Wednesday, August 10, 2011


One thing that P-daddy and I really enjoy, and which we are looking forward to having more of, is a variety of fresh fruit and veggies, particularly tropical ones. P-daddy lived in Vietnam for a while, where he developed a love of several types of fruit that many Americans have never even heard of. One of these is Jackfruit. O.M.G. I was introduced to this fruit shortly after P-daddy and I met, when he showed up at my door one day with this HUGE spiny fruit (he actually brought a second even spinier fruit called a durian, but that's a story for another day!). His wooing of me with exotic fruit apparently worked!

If you've never seen a jackfruit, here's a list of great pics, or here's our pic of just the rinds after we've cut the thing up - I was too excited about eating fresh jackfruit to remember to take a pic before we started.

As you can see, the rind is green and spiny, but it hides delicious delights inside!

P-daddy and I met in San Diego, where jackfruit was available for a fairly long season at the big Asian markets. When we moved to Texas several years ago, we quickly realized that the jackfruit season is pretty short, so we grab them whenever we can. This past week, we went and picked a nice one - this is hard to do, and we've picked too ripe and not ripe enough in the past. It's an expensive mistake, since even though the price per pound is low ($0.79 when we got our last one, but more typically $0.99 up to $1.29), a "small" jackfruit still weighs about 20 pounds. Imagine a "big" jackfruit! Apparently they can grow as big as a man's torso - we saw one yesterday that was probably 3 feet long.
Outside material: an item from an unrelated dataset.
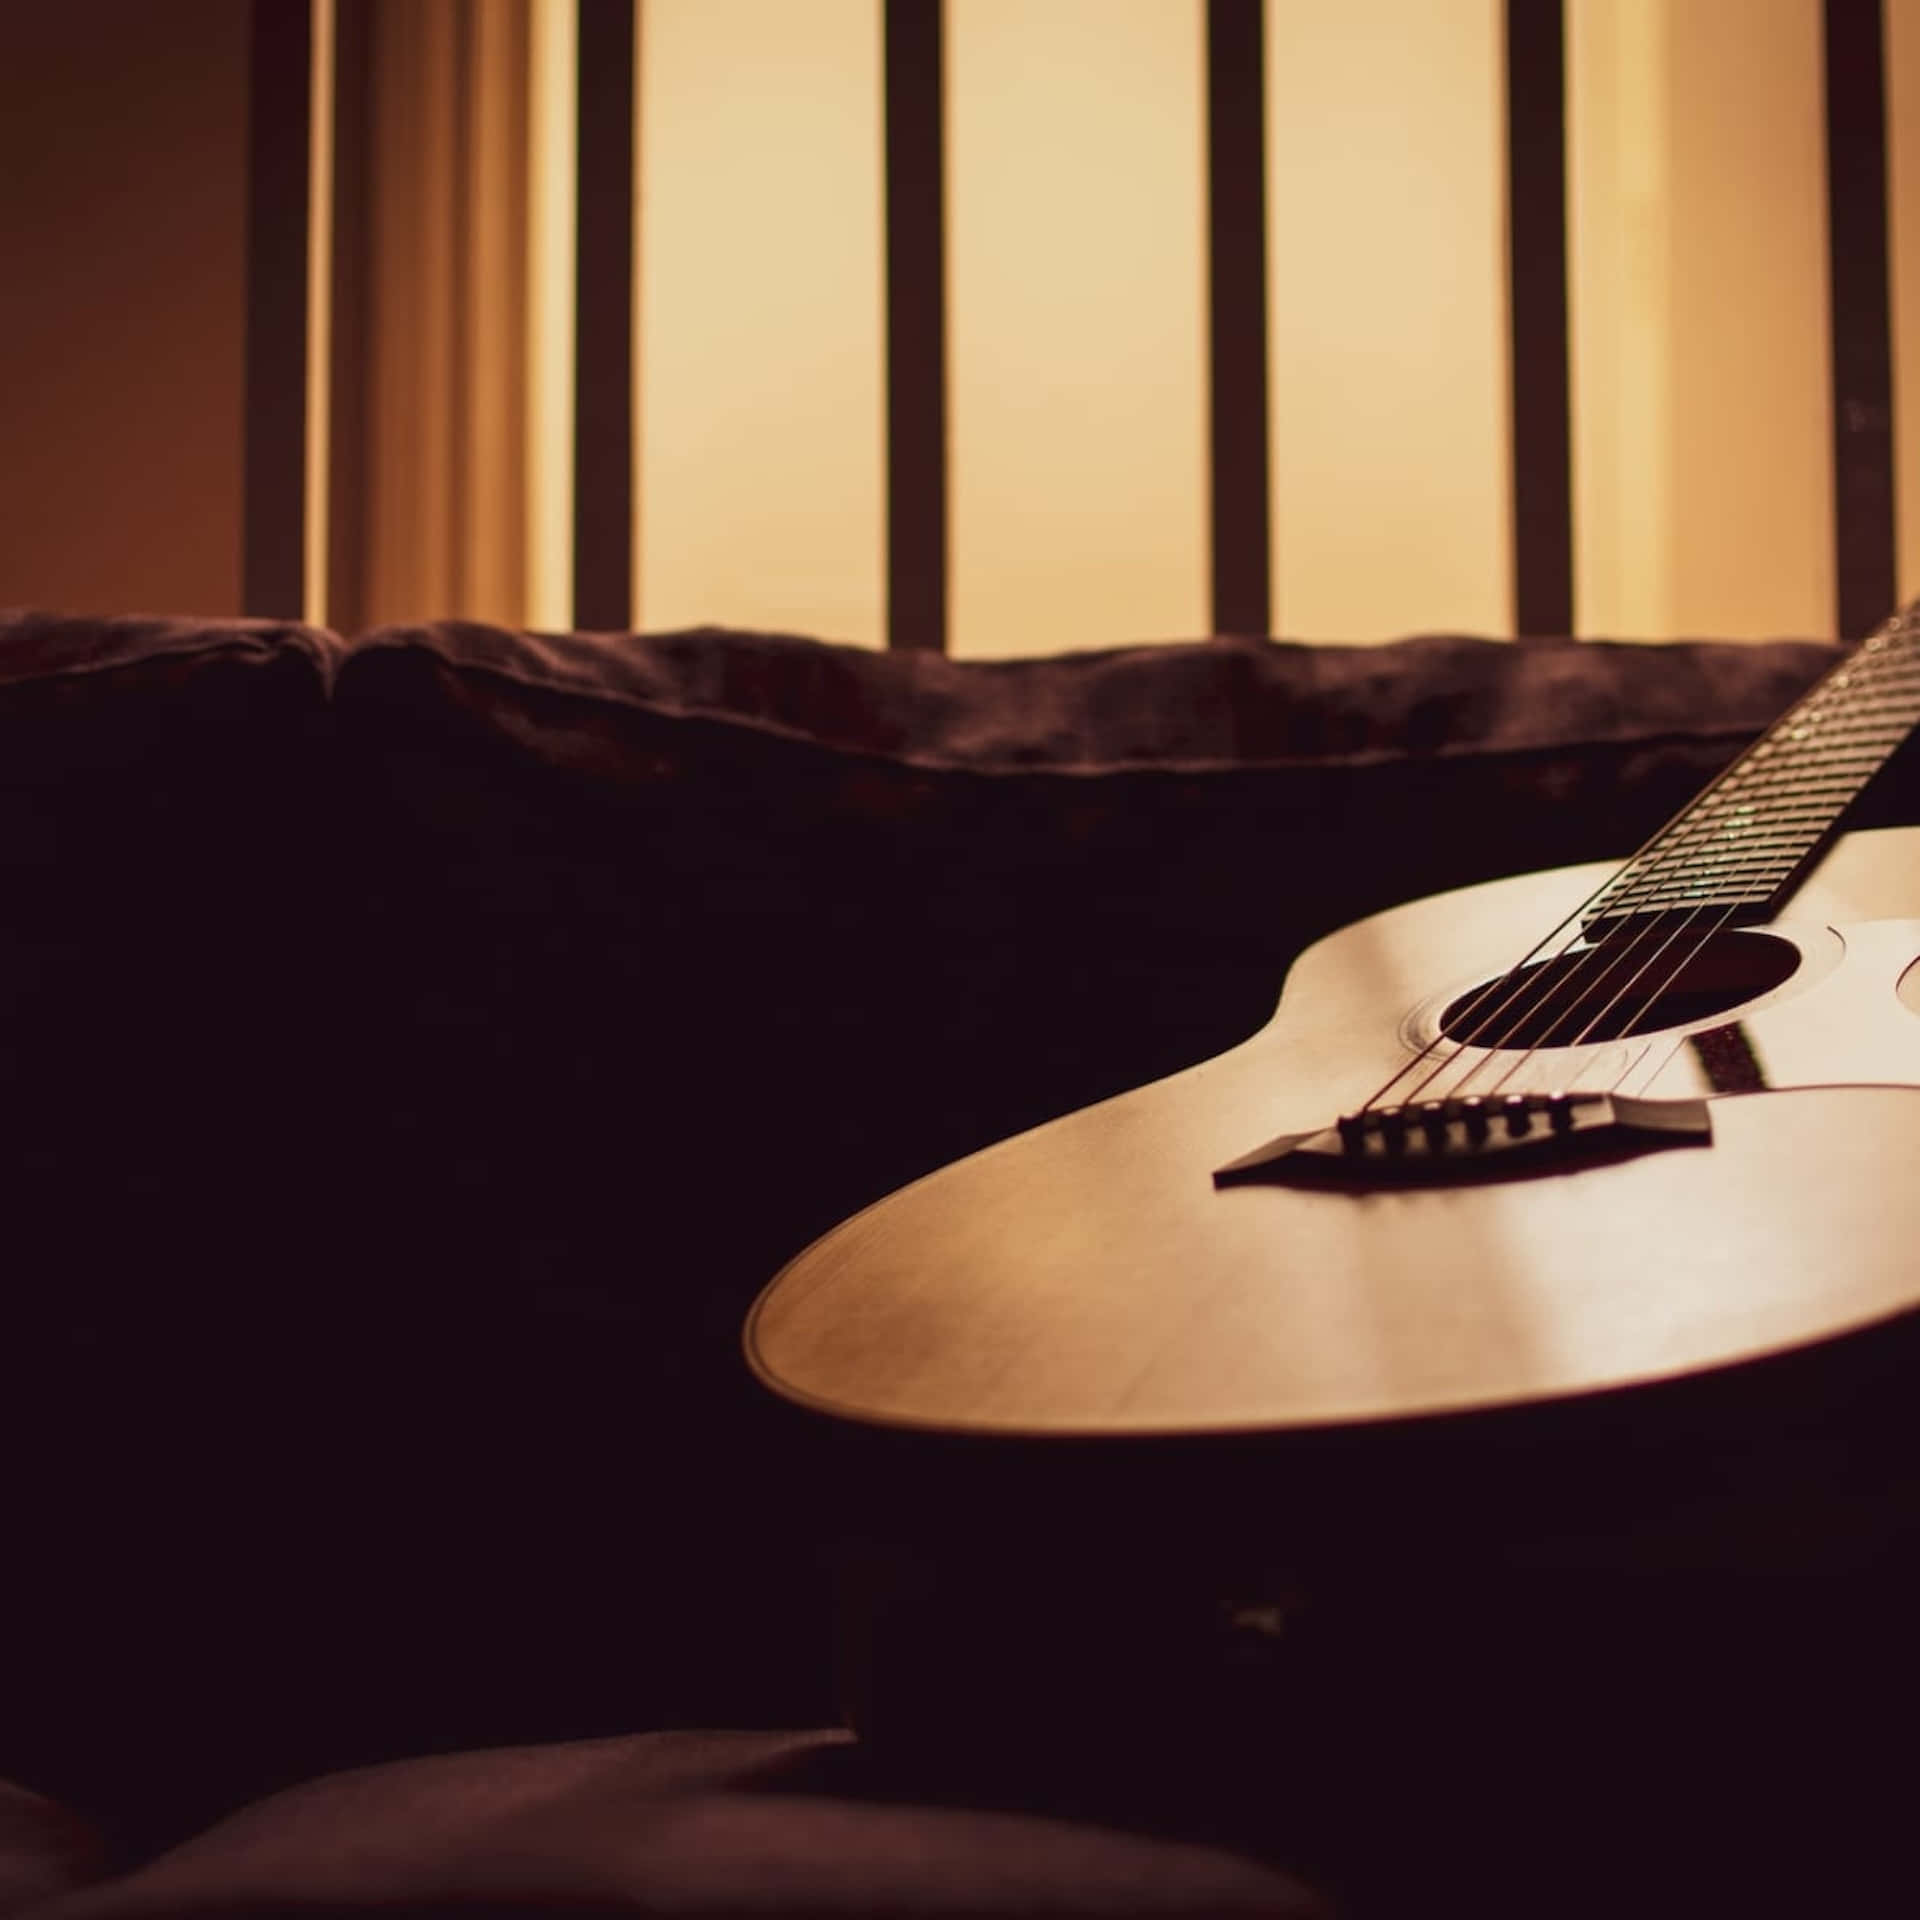 Acoustic Guitar Warm Lighting Background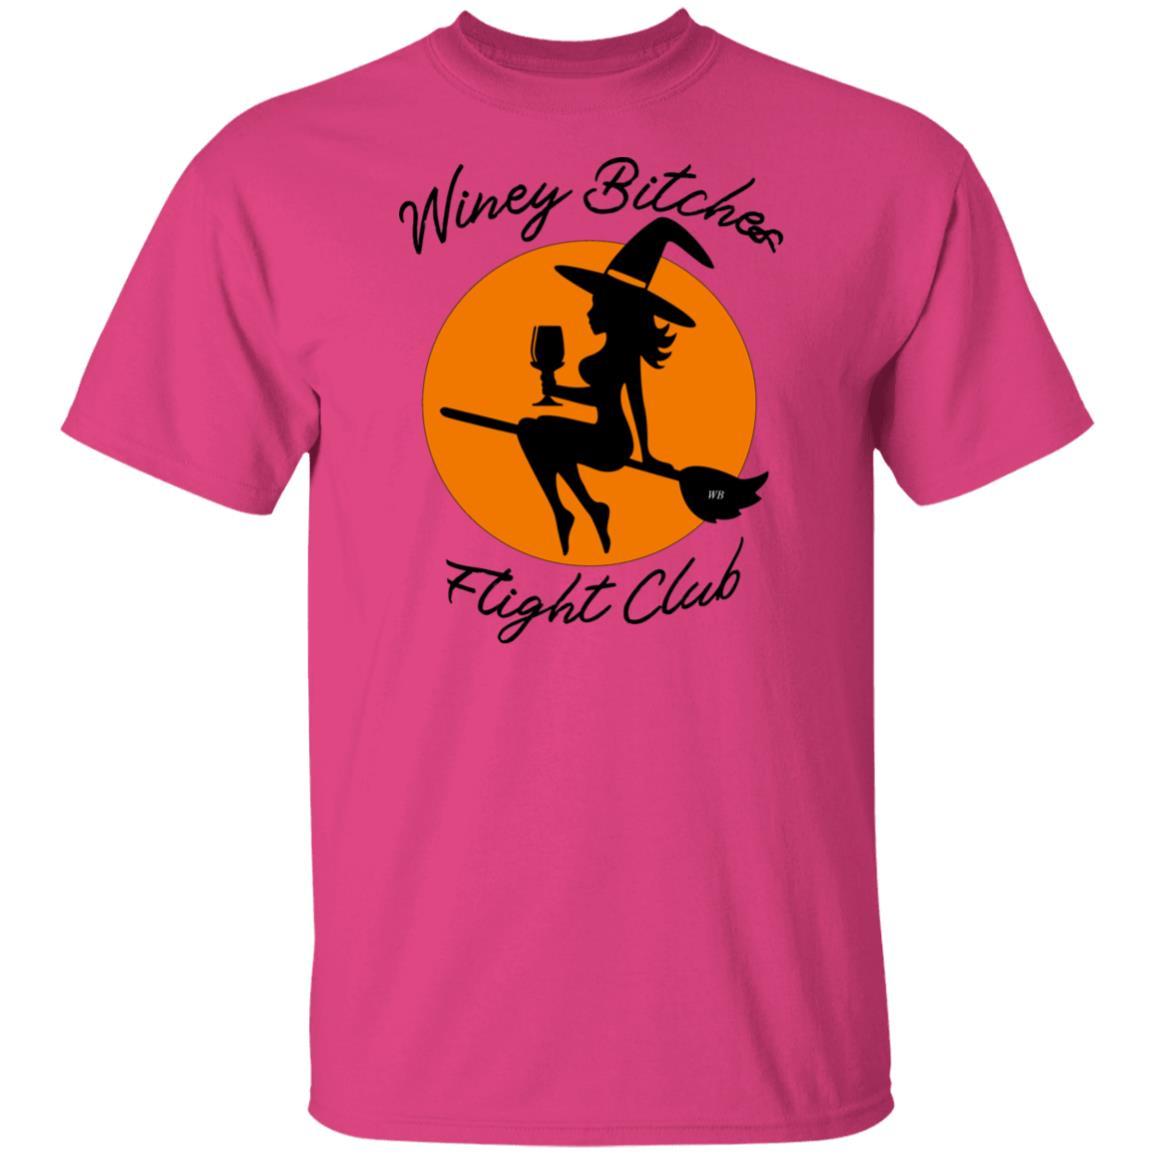 T-Shirts Heliconia / S WineyBitches.Co "Winey Bitches Flight Club" Ultra Cotton T-Shirt WineyBitchesCo

This time, we got lucky, and we picked a really good jackfruit. It'd be nice if it were edible with the ease of watermelon, just slice and go with it. But no, it takes a LOT more work. The fruit pods, which are about the size of a kiwi, have to be separated from the tough fibrous material that surrounds them. This would be a lot easier to do if the fibers didn't have this really sticky white sap flowing from them. Here's what the fibers look like after the fruit has been removed:

The first time we cut a jackfruit together, it took us forever to clean up, because the sap is pretty impossible to get off of your hands, knife, table, floor and clothing. We've since learned that the best way to go about it is to coat your utensils and hands with olive or vegetable oil before starting. Cut the jackfruit into large pieces, and then pick out the fruit pods. It takes a while, but it's so worth it! When you are done you are left with perfectly gorgeous orange fruit pods, like this:

Now here's the thing. Jackfruit is common in Southern and Southeast Asia, and the jackfruit we purchase now in Texas and previously in California is imported from Mexico. Brazil also apparently is a large producer of jackfruit, where it's called jaca. We are incredibly curious as to whether or not jackfruit is grown in El Salvador. I don't remember seeing it in Guatemala, but I lived in the highlands, and it would have been more likely to grow on the coast. It may have been grown there, as I remember seeing many fruits that I was unfamiliar with at roadside stands, but I just can't remember. So, anyone know? Will we be able to get our jackfruit fix in El Salvador? (no worries if not, P-daddy is already experimenting with growing a tree!) And, while I know the English and the Portuguese, I have no idea what jackfruit is called in Spanish, so if you've got some ideas, please comment!